Currently, we’re trying to use rally to test how much data I can ingest in a 2 node setup (1 data node, 1 dedicated master node). Our ES setup is running in Docker. With rally we get a maximum ingestion of ~150k docs/s using the
http_logs track running in benchmark-only mode like so:
esrally --track=http_logs --pipeline=benchmark-only --target-hosts=10.2.10.200:9200
We’ve placed rally on a different host than the elasticsearch nodes. The main issue is that the ES server is mostly idle even during the test (~45% CPU usage). Incoming traffic is ~25MB/s, outgoing traffic ~15-20MB/s. We have 1Gbps connections on this machines, so even combined we’re at half of the network capacity. Disk write is ~110MB/s, testing with
fio we can easily double the disk throughput, with random writes (these are normal spinning disks).
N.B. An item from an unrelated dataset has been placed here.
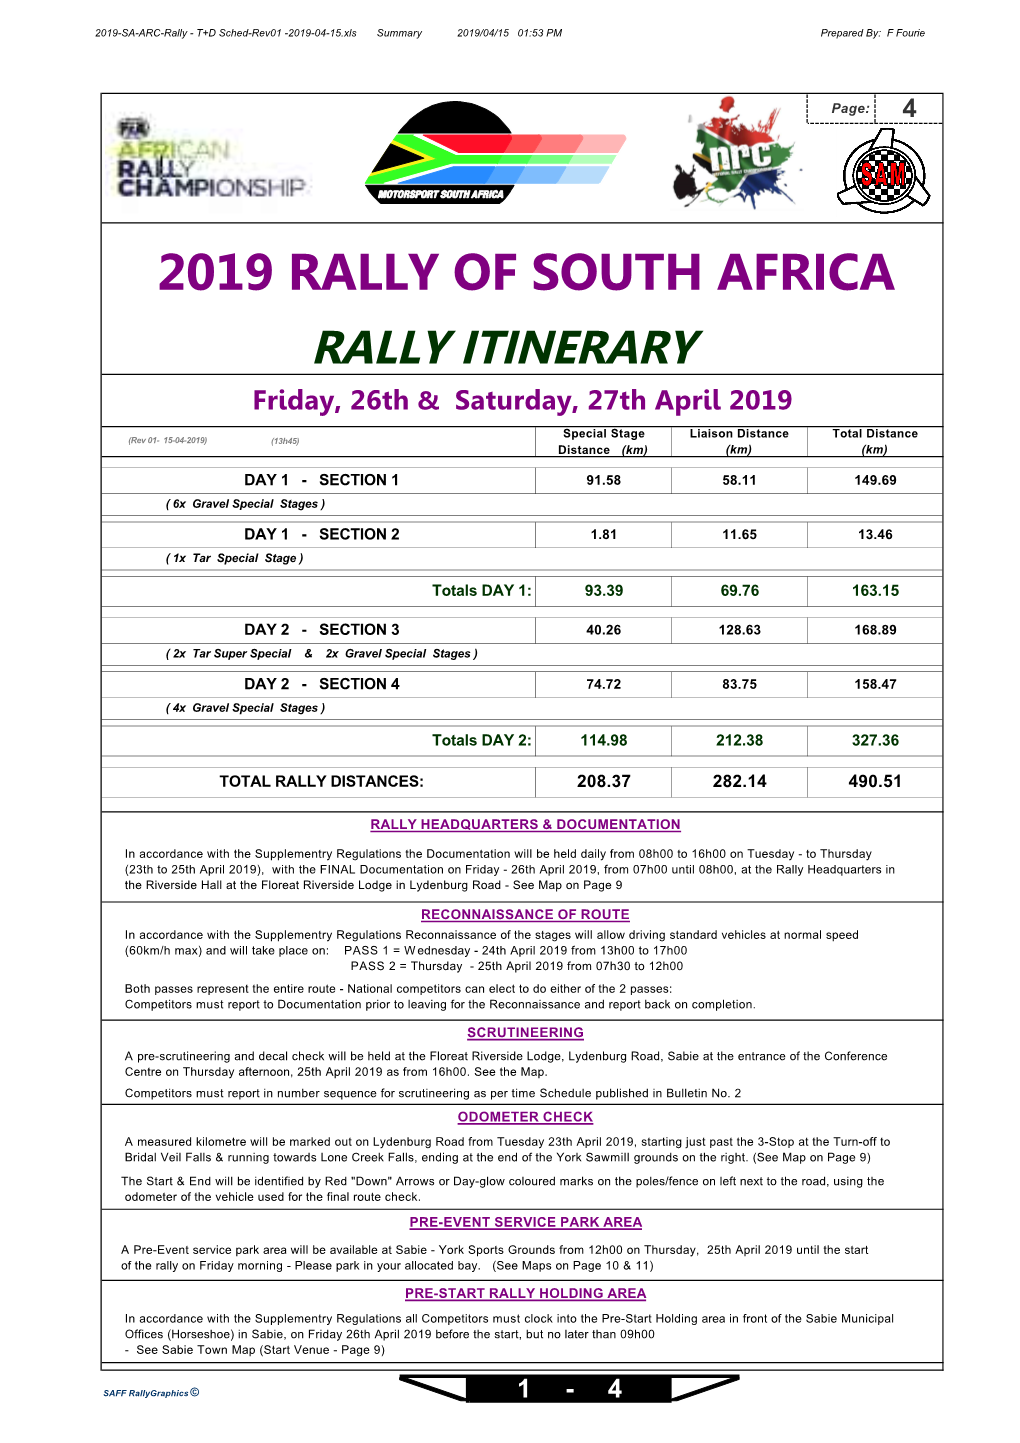 2019 RALLY of SOUTH AFRICA RALLY ITINERARY Friday, 26Th & Saturday, 27Th April 2019

Disk % busy is ~6% during the test, and Disk % io wait time is ~2%. The conclusion is that the server is heavily underused. Initially, we thought that perhaps rally could not generate enough traffic to stress the server so we used a different rally setup (1 coordinator + 2 load driver hosts, all on different hosts) but the throughput is roughly the same. We cannot pinpoint the bottleneck in scenario and looks like ES can do more.
The ES data node in question has 128GB of RAM and 40 CPUs.
Do we have a maximum throughput that rally is capable of generating on a single client?
On https://elasticsearch-benchmarks.elastic.co/index.html#tracks/http-logs/nightly/30d I see that something ~160k docs/s looks like the number for a single rally client.